In the listing below, locate the line containing "Kaiiy Colorful Modern" and copy it and every line after it through the end, exactly as written, leaving out any pictures.

* Exercise data:

------------------------

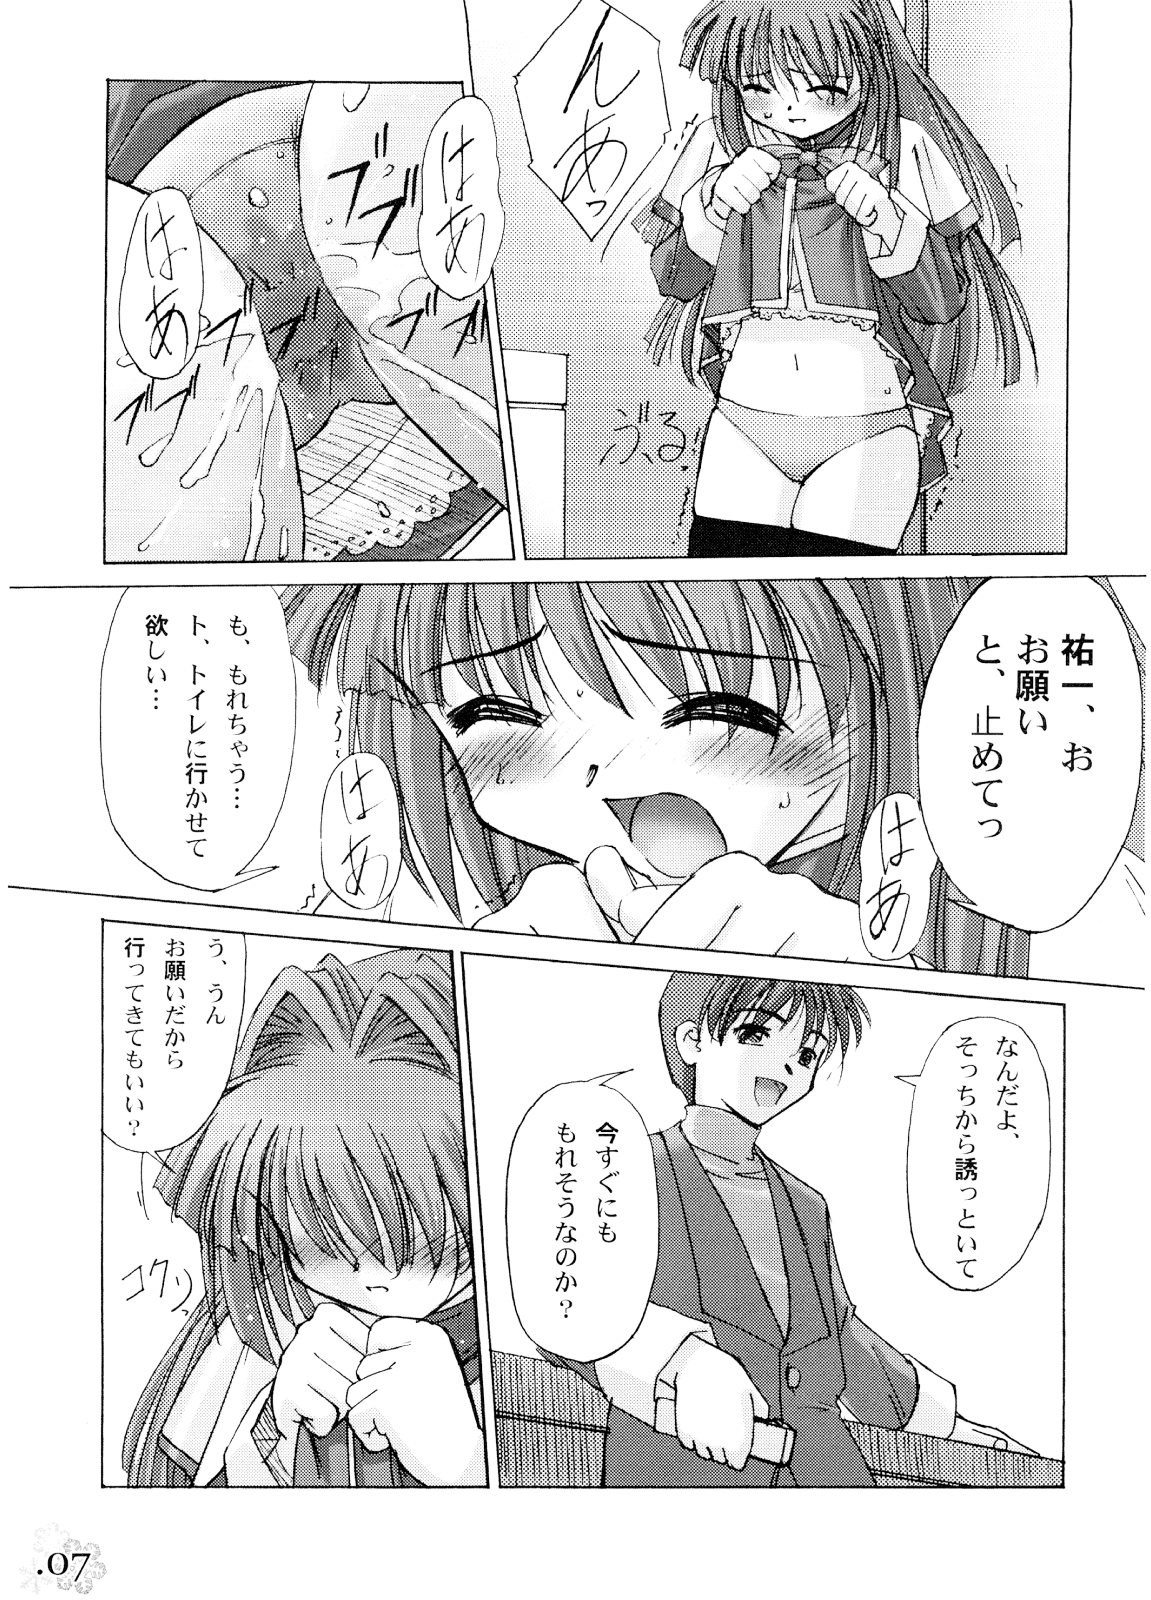 (C62) [G-Power! (SASAYUKi、Gody)] You are the only VERSION:KANON Part2 (カノン)
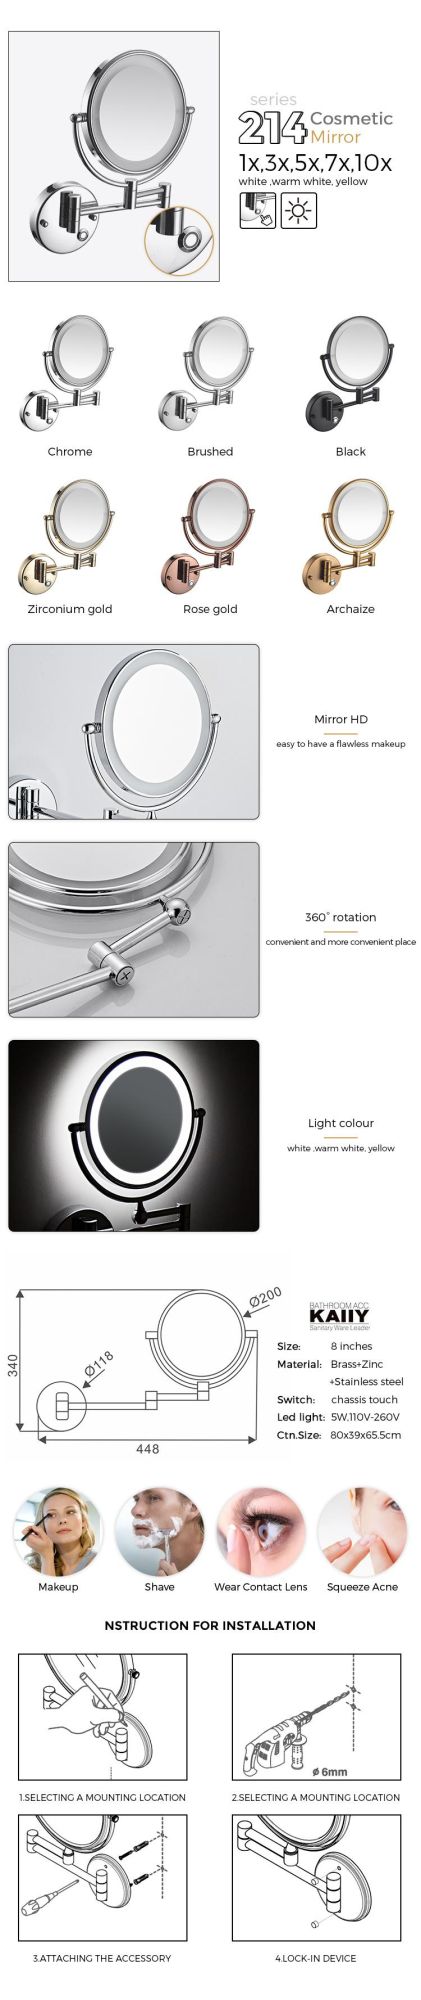 Kaiiy Colorful Modern Stainless Steel Wall Mounted Bathroom Accessories Dual Arm Extend Bath LED Mirrors
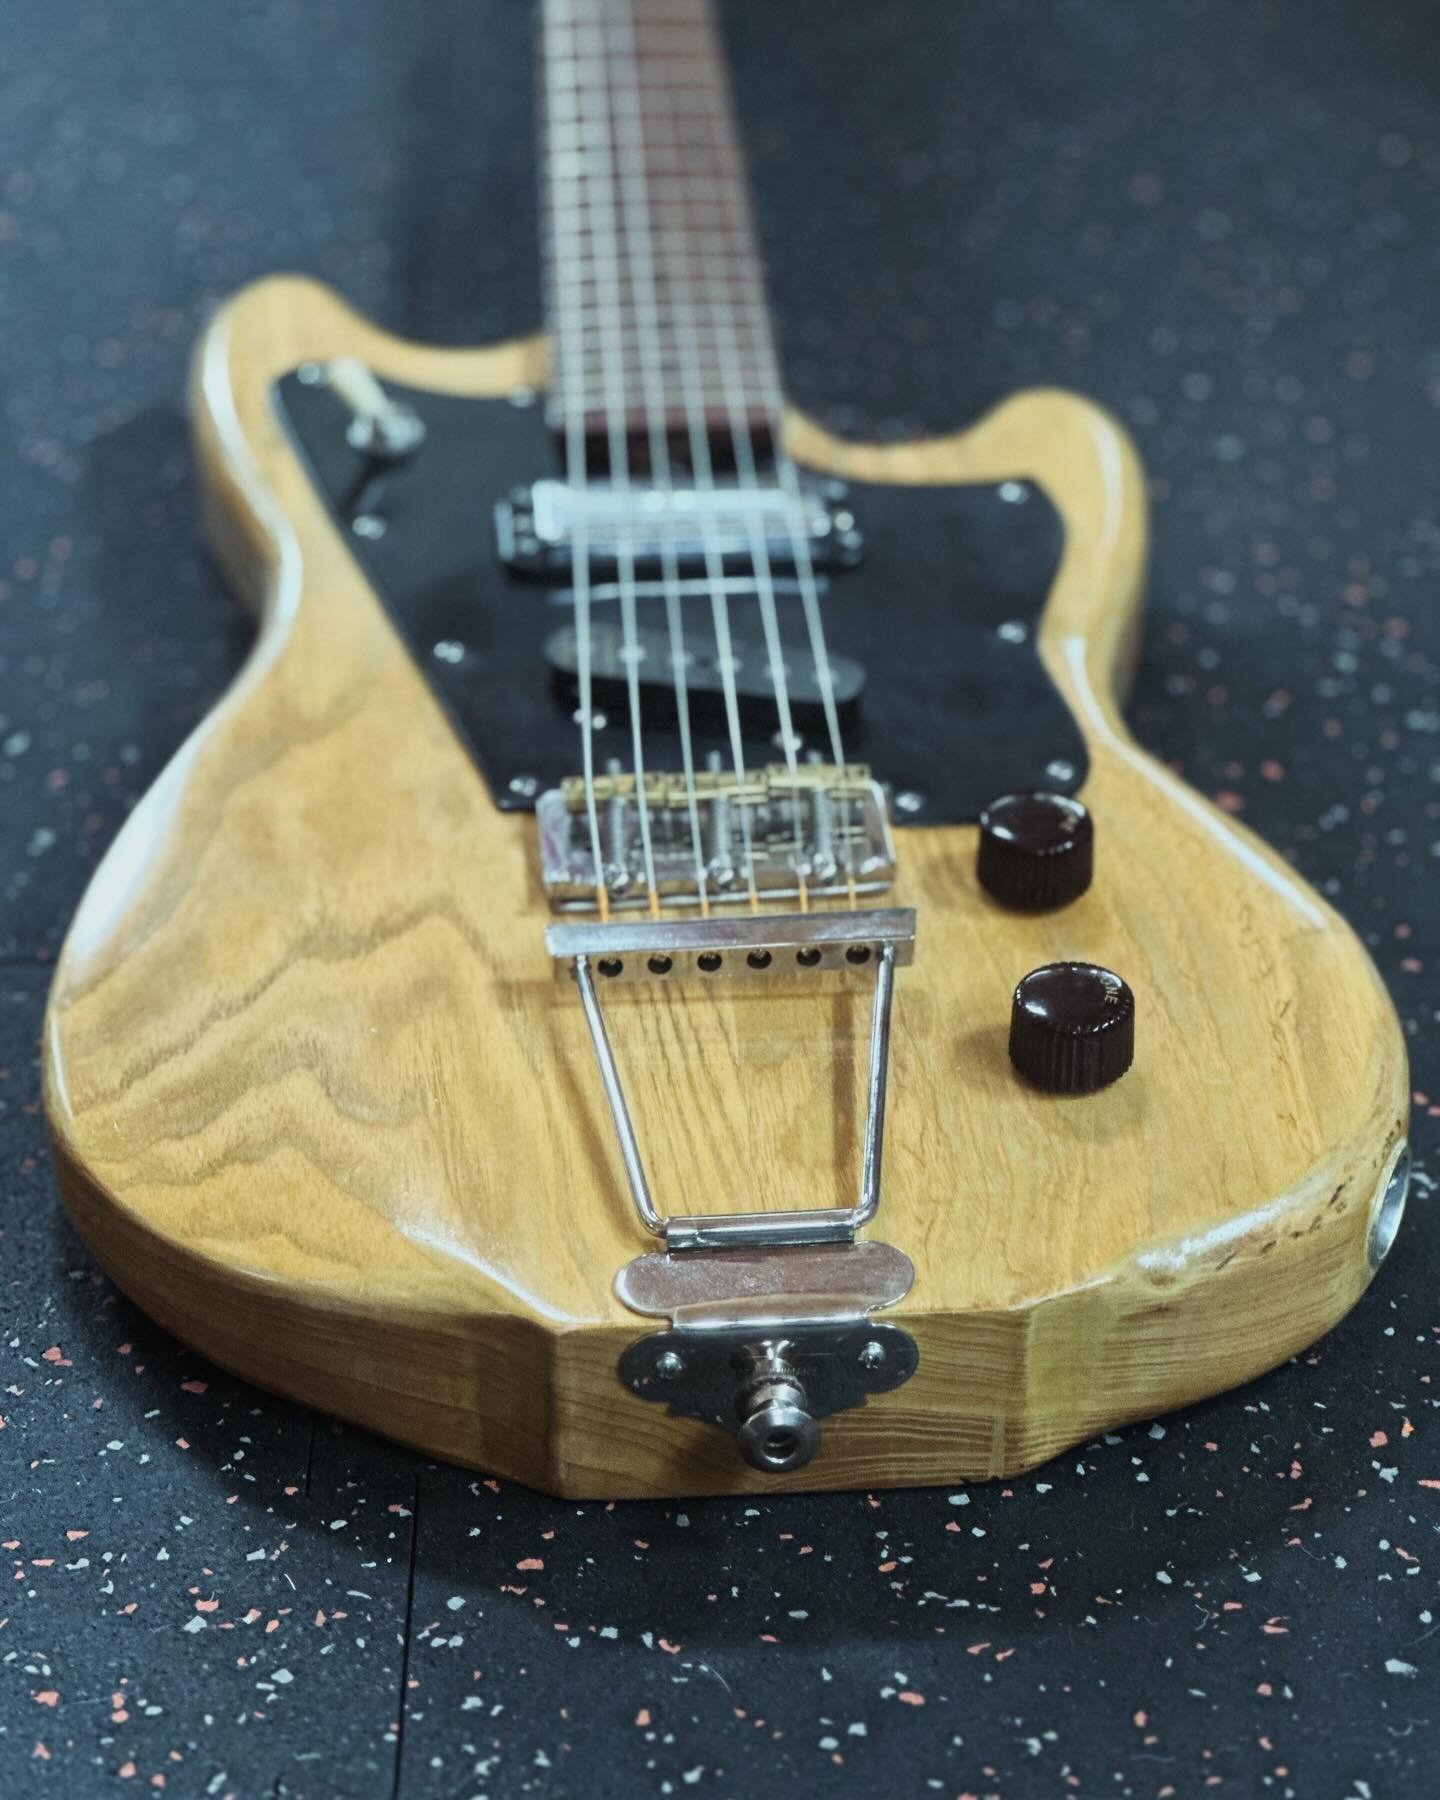 One of the first guitars I built is in the shop this week, and what a thrill it has been.  In my humble opinion, it&rsquo;s just dripping with soul, and with over a decade of heavy recording and gigging, it feels alive and well loved.  It&rsquo;s a s

------------------------

* Solution to the problem:
 Kaiiy Colorful Modern Stainless Steel Wall Mounted Bathroom Accessories Dual Arm Extend Bath LED Mirrors
 One of the first guitars I built is in the shop this week, and what a thrill it has been.  In my humble opinion, it&rsquo;s just dripping with soul, and with over a decade of heavy recording and gigging, it feels alive and well loved.  It&rsquo;s a s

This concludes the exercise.